I did a lot of things this summer without blogging about them. One of those things was spend nearly three weeks with my family in Minnesota. I made it out to see a few friends while I was there, but spent most of my time chasing my adorably toddler-y niece around or drinking wine on my parents’ backyard deck. It was awesome. One night, the night before my mom and I were supposed to leave at like, 4:30 in the morning for an early flight to Huntsville, Alabama to spend a few days with some family, my dad and I stayed up until 1am drinking wine and volleying favorite songs and bands. I introduced him to The Black Keys, because I think he’d love it. We argued a little about Christine McVie vs. Stevie Nicks, (Stevie Nicks, all the way), but really everyone in that argument wins because, Fleetwood Mac. I went to bed around 1-something, and then got up with my mom the next morning super early go to spend some days in Alabama with the fam.
While in Minnesota, I had an exceptional evening and conversation with Meliss, one of my oldest, dearest, and most consistently-present-in-my-life friends, and THAT was wonderful. My high school BFF is now my sister’s teaching colleague and BFF, so I got to see her a few times and THAT was amazing (and I love that you two are so close!). But I mostly spent my time with my family (read: Natalie), and we spent the majority of THAT time making faces at each other. You know, in between the times I melted because she started calling me “My Doni,” AND YOU GUYS. I JUST CAN’T. She’s sooooo cuuuuuuute. Even when she’s picking her nose. Because she’s two, so she’s totally still allowed to do that.
Let’s see. What else did I do this summer? I chopped all (like, ALL) of my hair off, and then dyed it purple.
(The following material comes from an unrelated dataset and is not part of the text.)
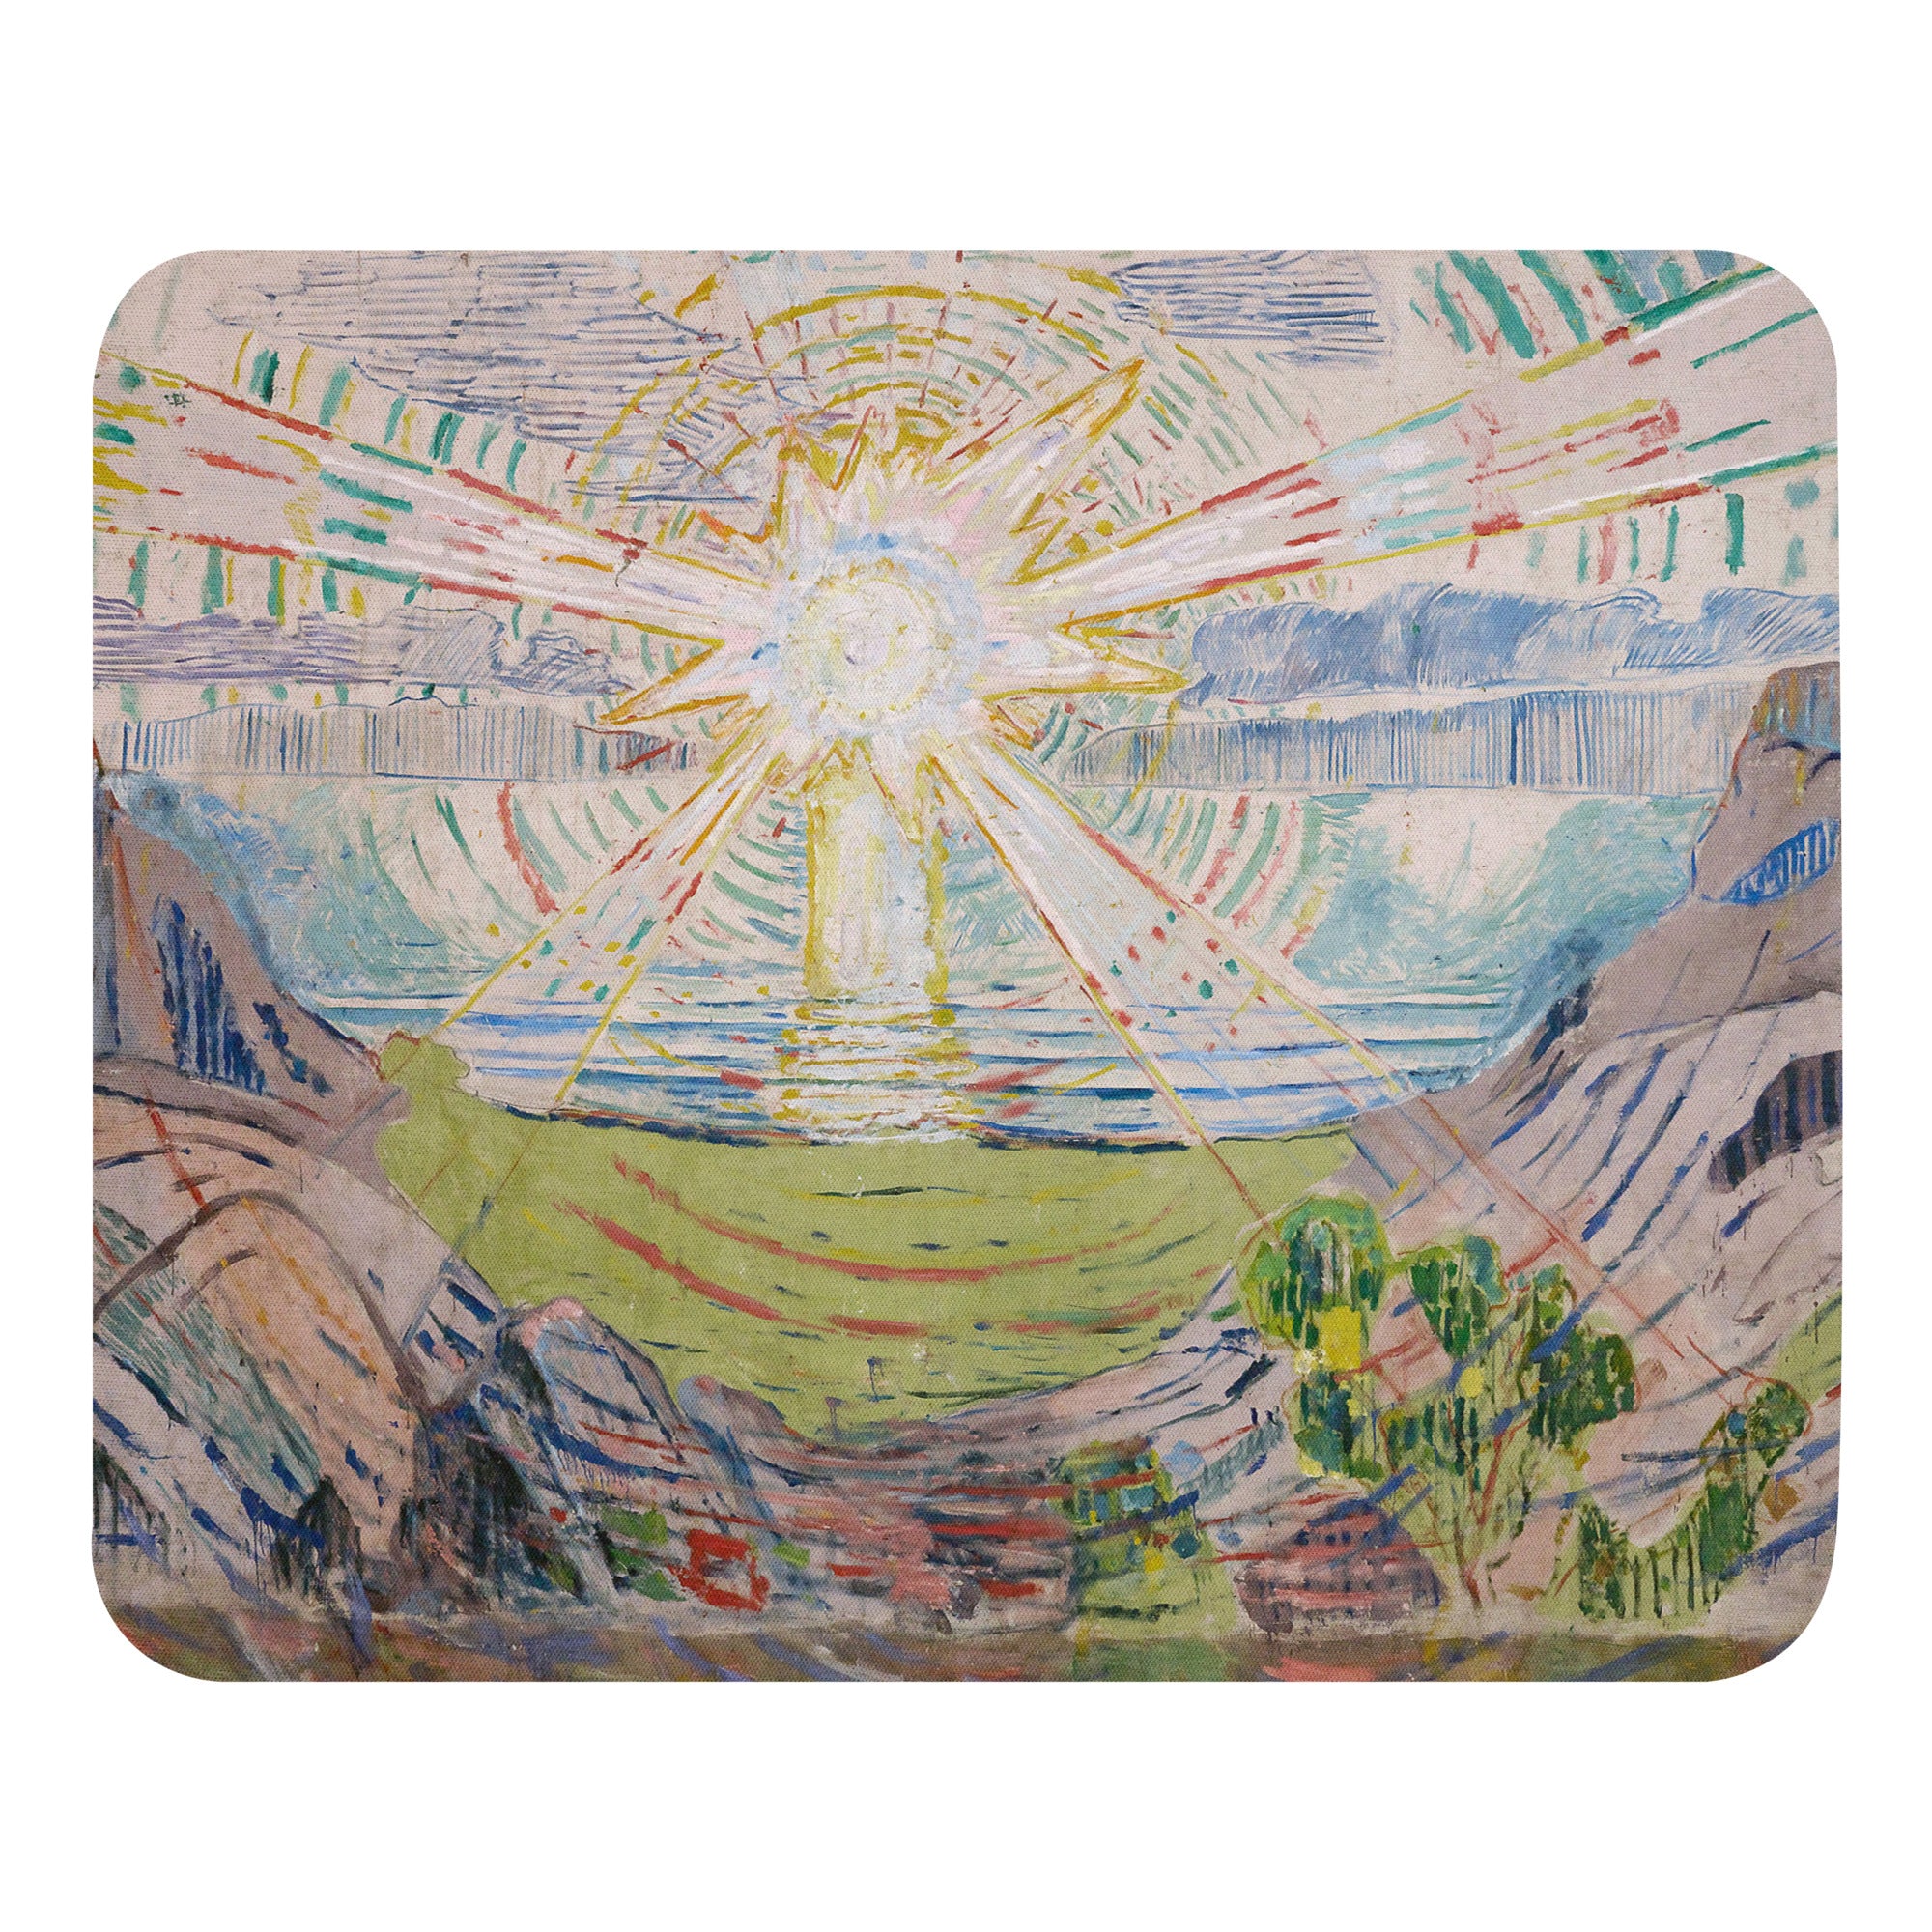 Edvard Munch 'The Sun' Famous Painting Mouse Pad | Premium Art Mouse Pad

It’s faded to a nearly platinum-blonde-blue thing right now, and I like that, but next time I’m just going to go back to the blonde thing, because purple is super fun and all, but it’s time to settle in a little.
I spent five days in DC, which were delicious and amazing, because whiskey and Ke$ha and some of my best friends and favorite people live there, so that makes me really happy. I spent three days in Richmond with Terra and Megan, who I miss more than I have words for, eating tacos and donuts and drinking beer and whiskey and having feelings while drinking beer and whiskey and eating donuts, so THAT was awesome.
Then, I ran a half marathon (!!!), spent some time with Nicole and Amber (who always lift my soul to another place), spent a couple of days running around San Francisco with Rachael, and then really, really digging my claws back into Portland because while traveling and nomading and exploring are all really fun things I don’t plan to quit anytime soon, I realized this summer that my home now is Portland. I have a home in Minnesota, and I have roots that dig into Alabama, but Portland is home right now. Portland is a beautiful, delicious, crisp, artsy, weird, amazing, sexy home, and I’m so, so happy being here.
Sometimes I’m a little astounded by the depth of the relationships in my life. Sometimes, friends opened up to me in ways I didn’t expect, and sometimes I did, too. Vulnerability can be really, really hard. And it’s funny, because I’ve never considered myself a “private person.” Seriously, ask me anything, and I’ll tell you everything. But there are a super small handful of people to which I actually will volunteer information and feelings because vulnerability is scary, and if this summer taught me one thing? It’s that that’s ok. A lot of us feel that way.
I’m in an ok spot now. Sure, there’s room for growth, and sure there are things I’m still learning and figuring out.
So, yeah. That was my summer. My niece is the cutest, I changed up my hair, I fell madly in love with Portland, and I know the best people. And now? Now, I’m ready to get real cozy with fall.
Boots, scarves, and snuggles for everyone.